§ **The data**

+ + + + + + +

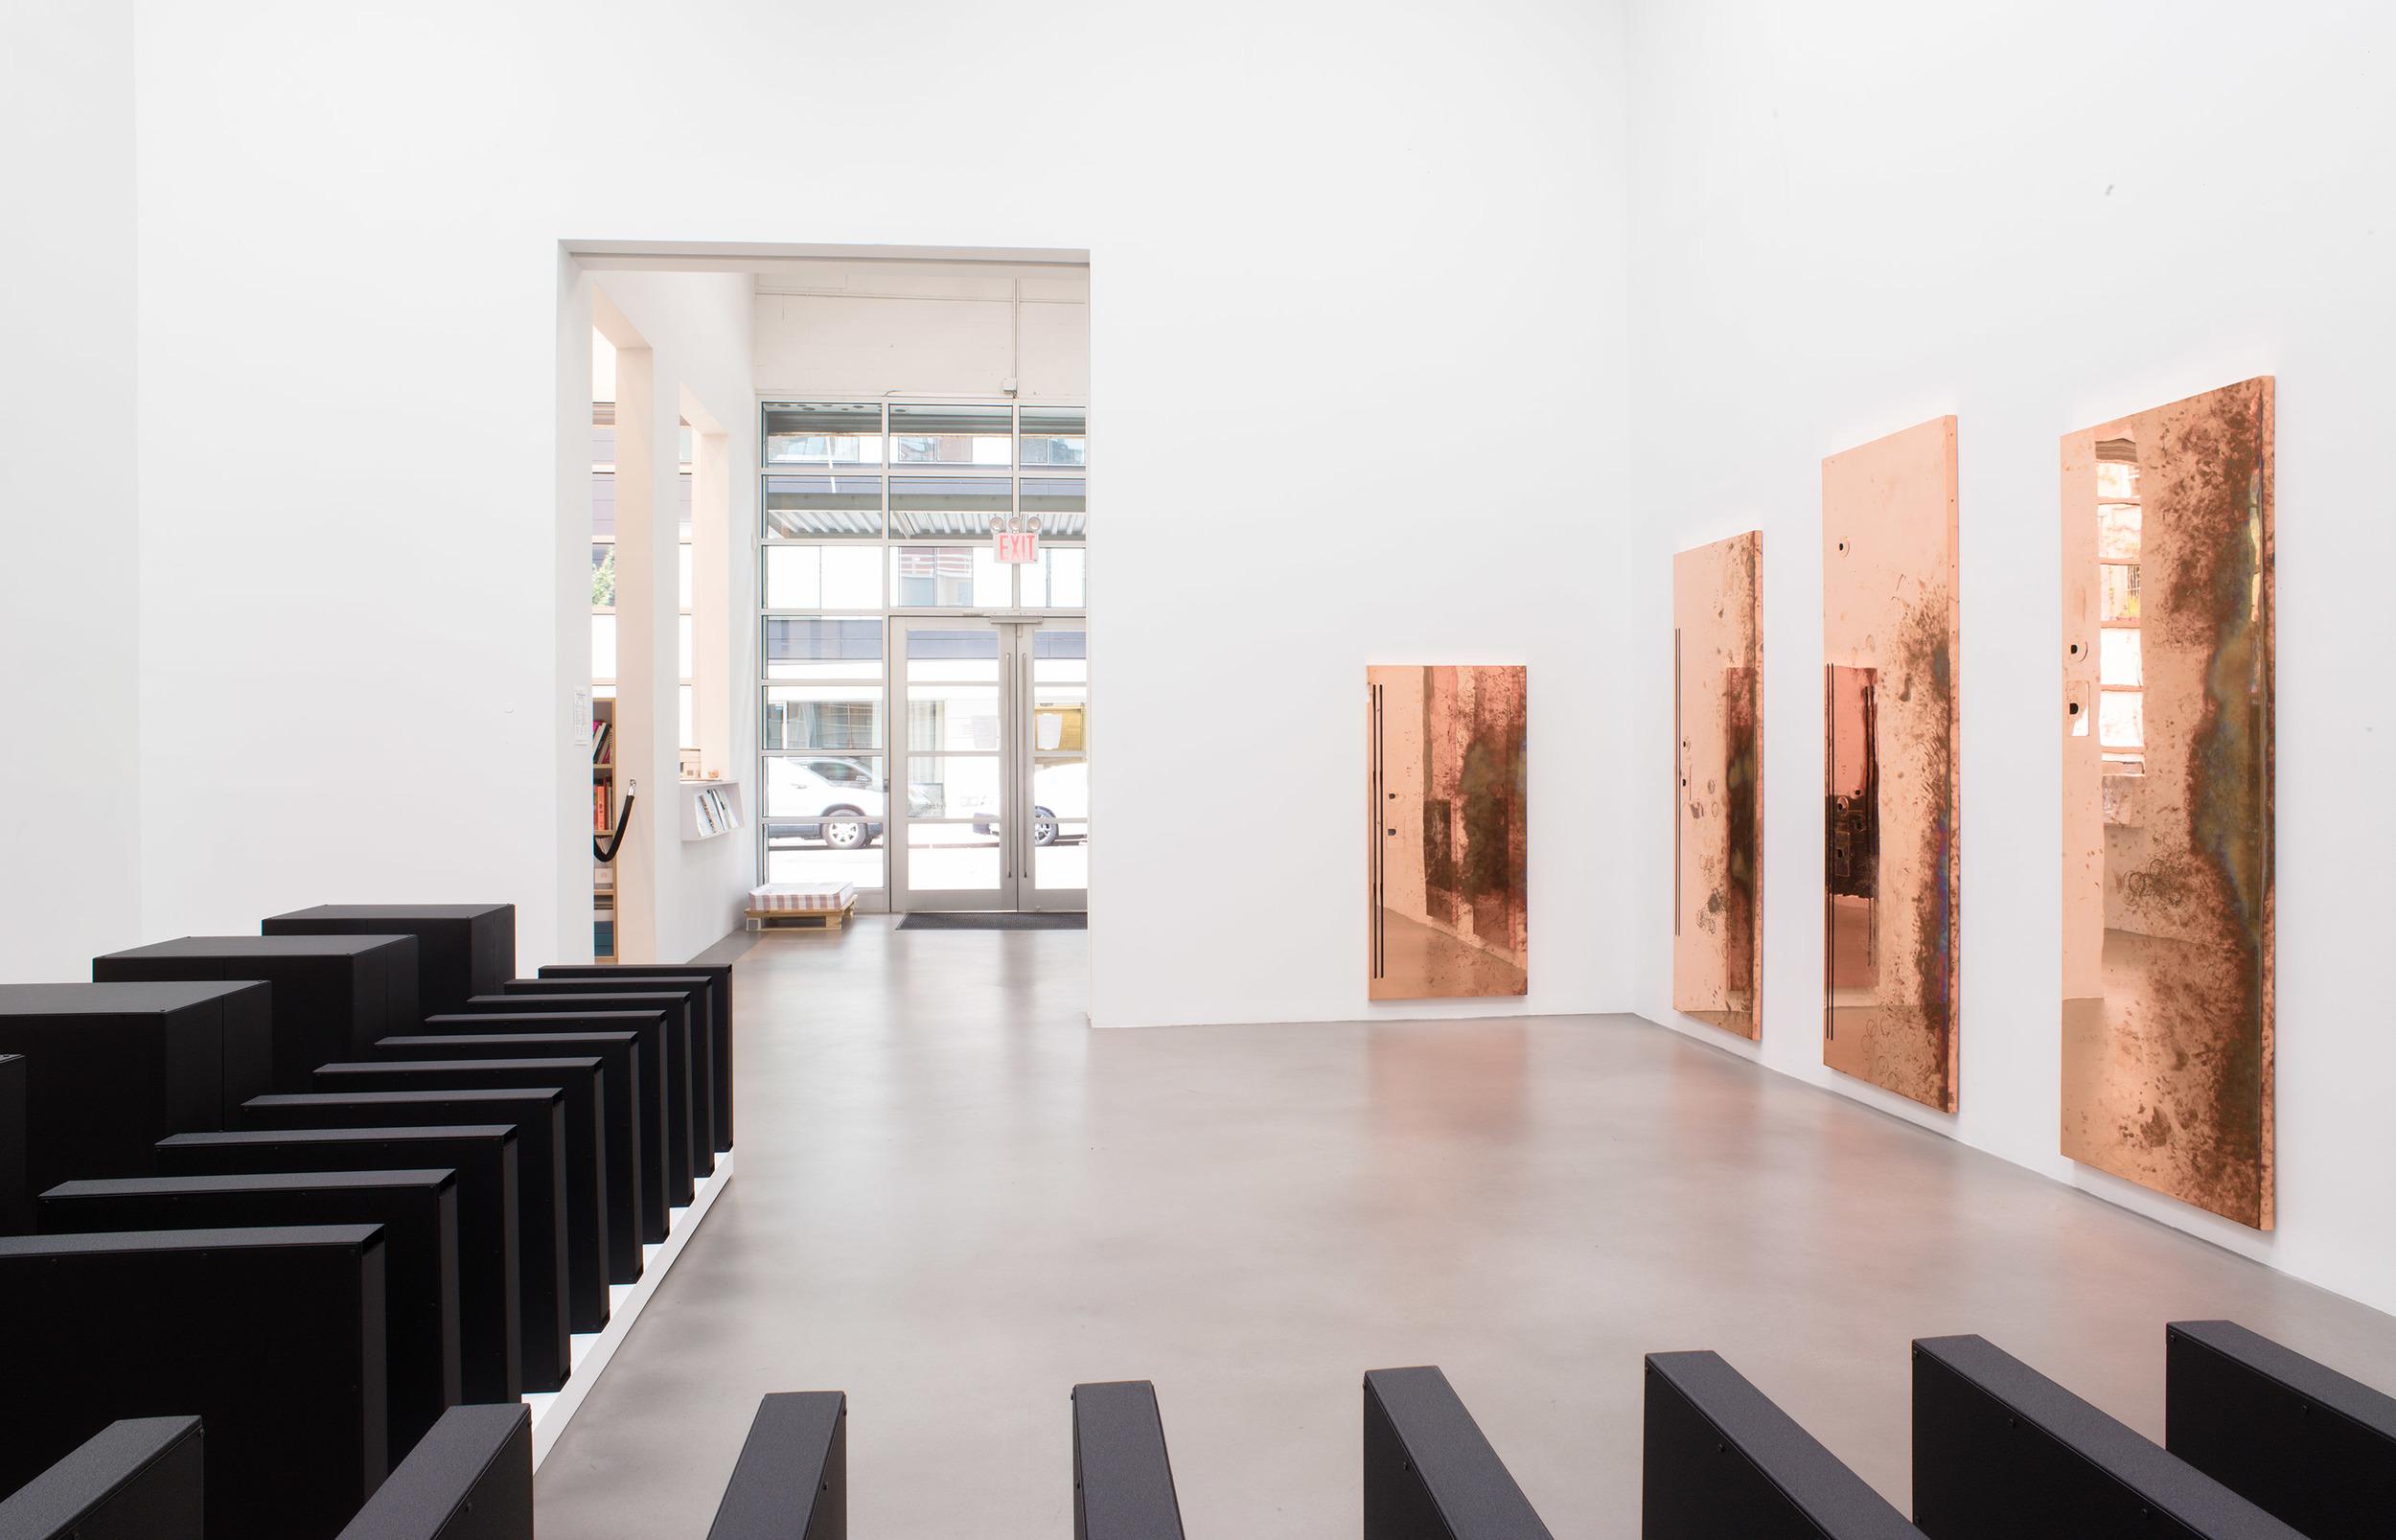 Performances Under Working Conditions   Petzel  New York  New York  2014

+ + + + + + +

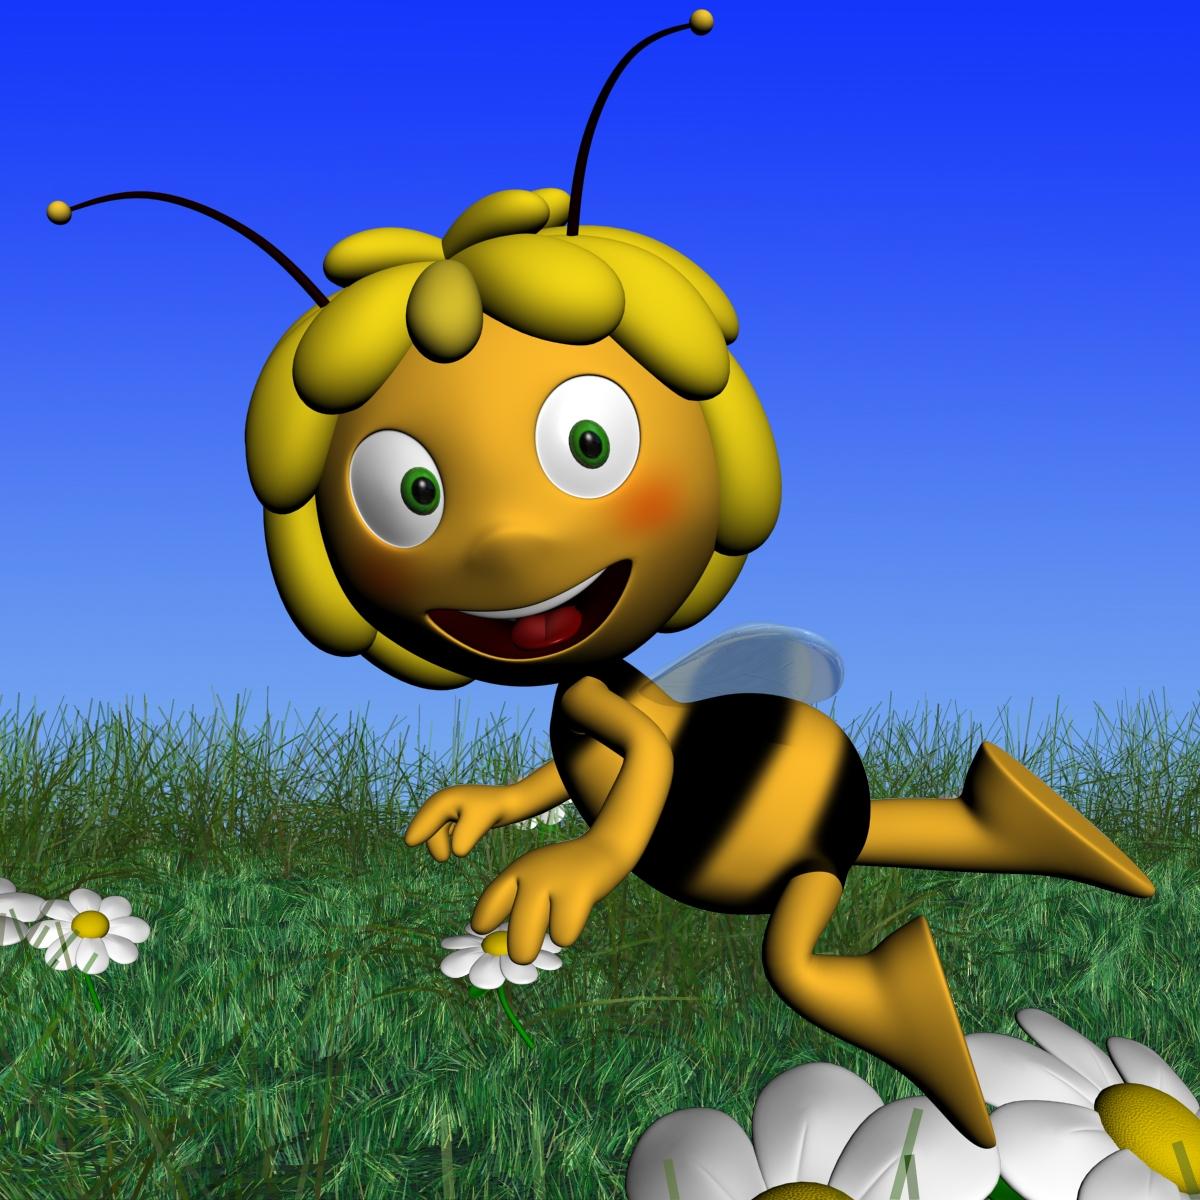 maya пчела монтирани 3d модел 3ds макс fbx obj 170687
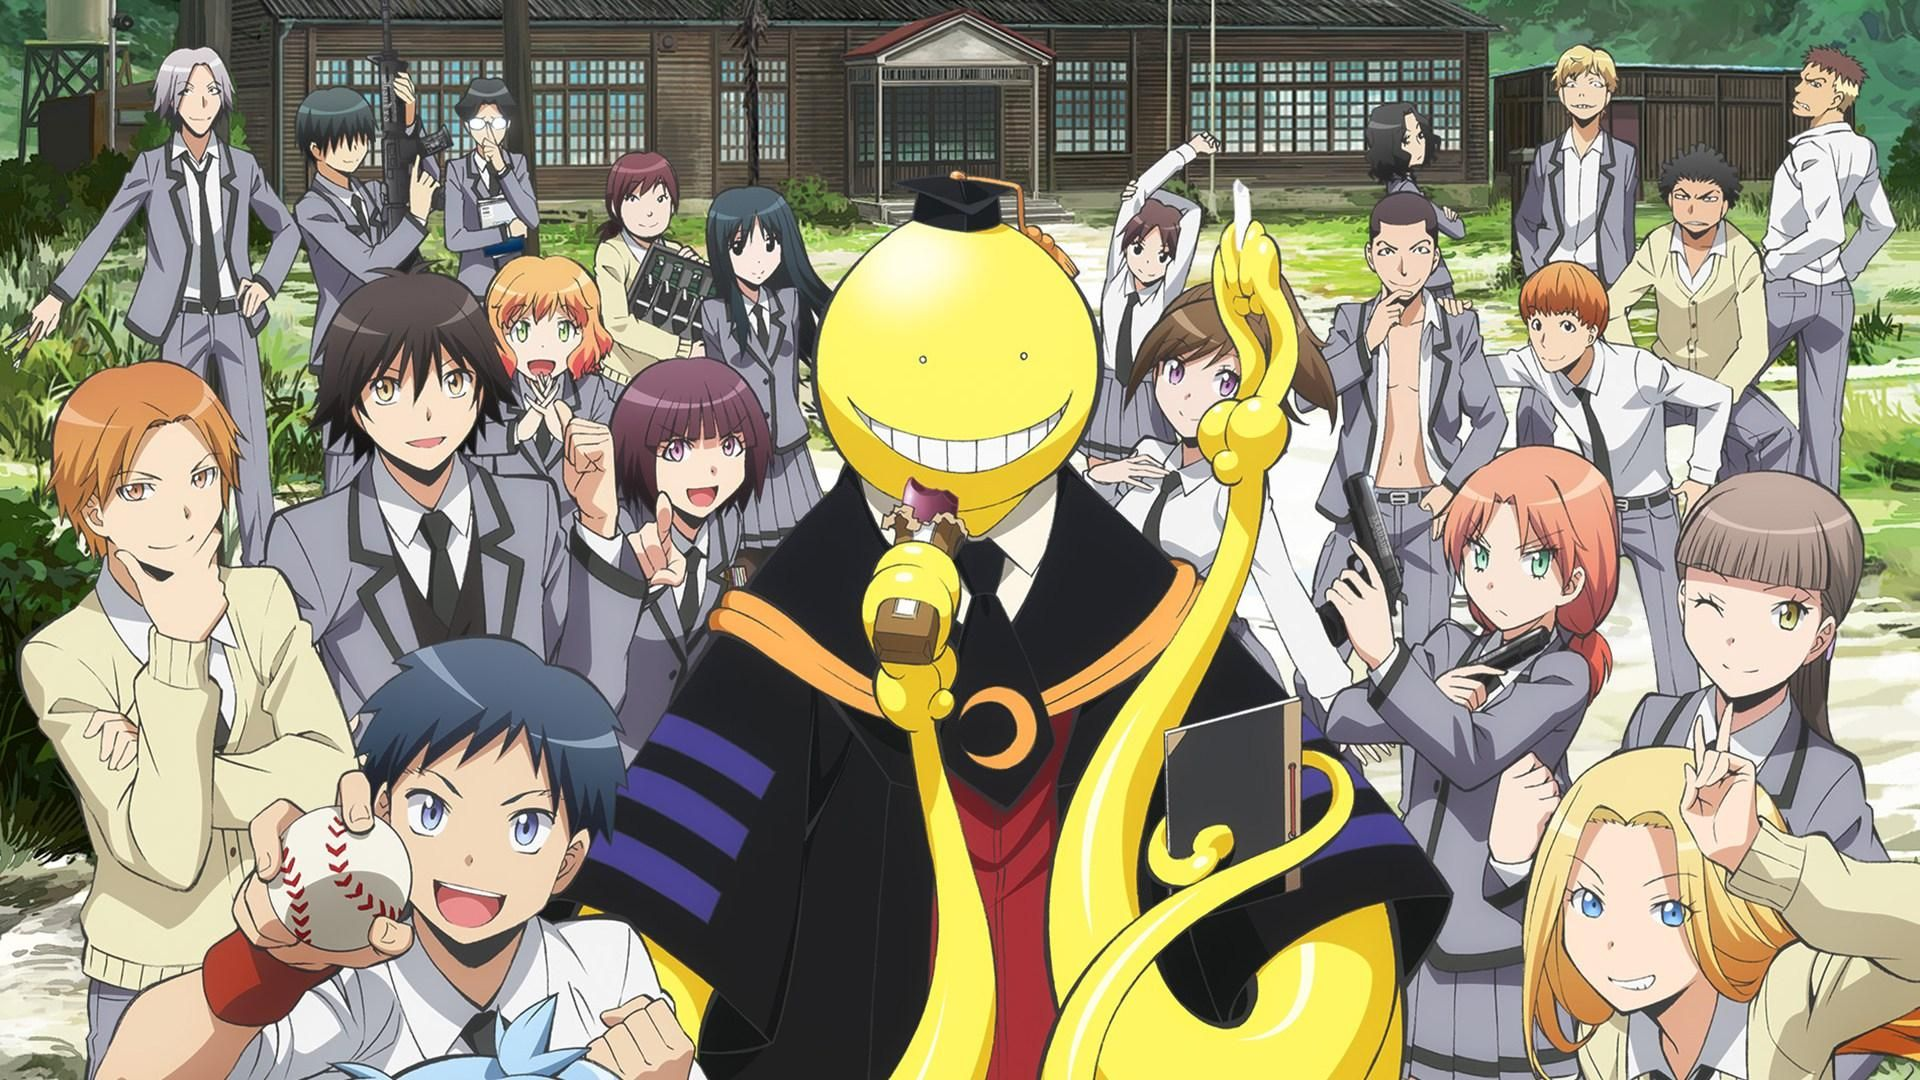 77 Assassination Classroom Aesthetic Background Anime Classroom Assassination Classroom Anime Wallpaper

+ + + + + + +

§ **What you will do**
What lines above run from the one with "maya пчела монтирани" to the one with "77 Assassination Classroom"? Give them again exactly, ends included, and leave the pictures out.

§ **Exercise solution**
 maya пчела монтирани 3d модел 3ds макс fbx obj 170687
 77 Assassination Classroom Aesthetic Background Anime Classroom Assassination Classroom Anime Wallpaper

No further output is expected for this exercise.